Reading Jennifer Egan’s A Visit from the Goon Squad is kind of like going on a fantastic journey through time where you not only get to see what happens to the main characters, but also what happened to them in the past, what happens to their children, their assistant’s children, and any other random person (who, of course, is never really random) in the story.
A Visit from the Goon Squad was sitting on my shelf (I bought it after reading a review of it on TheMillions.com) when I saw that it recently had won the 2011 Pulitzer Prize in fiction.
I had purchased the novel because from what I read about it online, it was about the music scene in the San Francisco Bay Area. Having grown up in the (albeit early 2000) Bay Area music scene I was intrigued.
I was both disappointed and incredibly pleased. Egan’s version of the Bay Area music scene was not the same as my own memories of it (how could it be?) but it was also about so much more than music. For starters, most of the novel takes place in New York City, with interludes to San Francisco, Italy, and Africa. It also follows a menagerie of characters from the aged music tycoon Bennie to the young daughter of Bennie’s ex-assistant, Sasha. While I think it’s impossible to quickly summarize the plot of a novel with so many characters, I’ll attempt to do my best here:
A Visit from the Goon Squad is about people growing up.
Egan’s novel follows the lives of many characters, all intersecting at some point, but each character is only given a short amount of time in the spotlight. Bennie and Sasha are the two characters that we see the most of (Bennie and Sasha as teenagers, young adults, and adults) while many of the people they know and will know swirl around them.
After reading this novel you want to go back and read it all over again, making mental notes of each mention of each character. I often found myself recognizing names in later chapters that I was certain I had read about (usually very briefly) in earlier chapters.

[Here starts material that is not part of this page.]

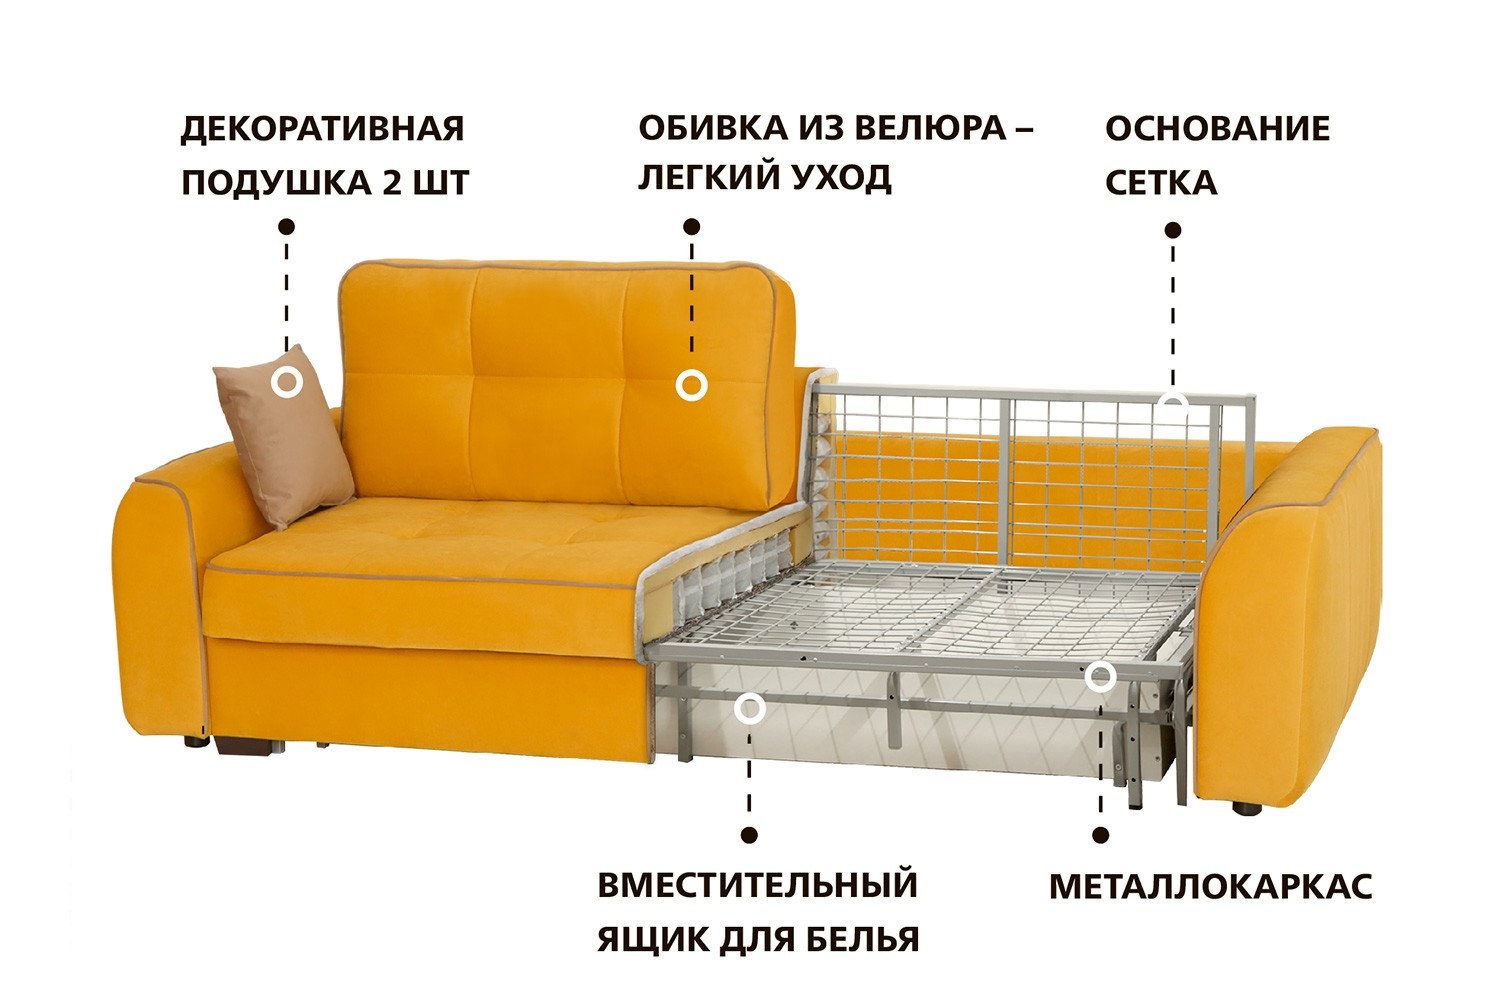 Механизм раскладывания дивана аккордеон схема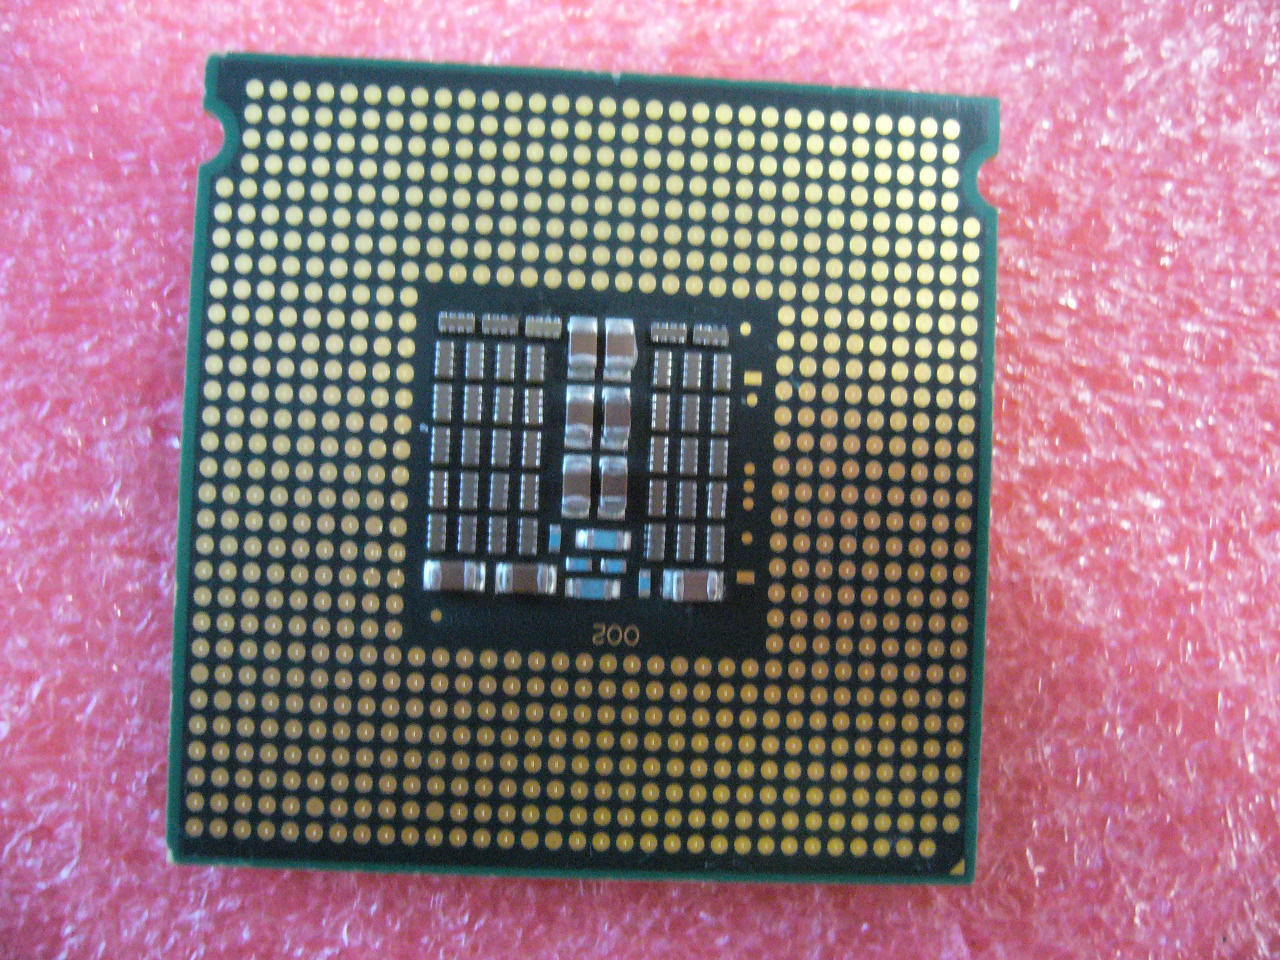 QTY 1x Intel Xeon CPU Quad Core X3323 2.50Ghz/6MB/1333Mhz LGA771 SLASE SLBC5 - Click Image to Close

At times it proves a little difficult keeping track of all the different characters, but generally Egan does a good job of keeping us in the loop. She bounces around in time as well as characters point of views, (here Bennie is a teenager in a crappy punk band, here Bennie is happily married and at the top of the music business, here Sasha is Bennie’s assistant, here Sasha is a teenager in Italy, here Bennie is tired of the music biz and divorced, etc) It’s these time changes that keep the reader so involved with the story. Each character’s lives (usually dark and full of regrets) become extremely gripping when given such extensive back story.
The only drawbacks to this novel were its last two chapters, where Egan goes a little experimental with format and jumps ahead a little too far into the future. Chapter 14, “Great Rock and Roll Pauses” is written entirely in Powerpoint slides from the point of view of Sasha’s young daughter, Alison. While I could still easily follow the story through the slides, it felt very contrived and didn’t really add anything for me. The last chapter, “Pure Language” takes place in the future, but the reader knows it can’t be too far in the future because the characters we have been following are still alive and well. Egan takes our current obsession with texting and amplifies it in this dystopia science-fiction chapter. While she maintains her way of stringing characters together, this lurch into science fiction is jolting and unbelievable. I found it hard to buy that so much had changed in such a short amount of time, although with our society’s current technological developments I suppose anything is possible. In this last chapter, Egan paints a world where everyone almost solely communicates through texting using “handsets” and where the music industry has been given a second wind through the buying powers of young children, called “pointers”. Because it is the last chapter, and rather brief, Egan doesn’t develop this futuristic world as much as it would have taken for me to buy into it.
It would be impossible for me to summarize this entire novel, or even to speak to half of its devices and motifs. It’s very complex, often depressing, but always engaging. I highly recommend it to anyone who has made a mistake or two in their lives.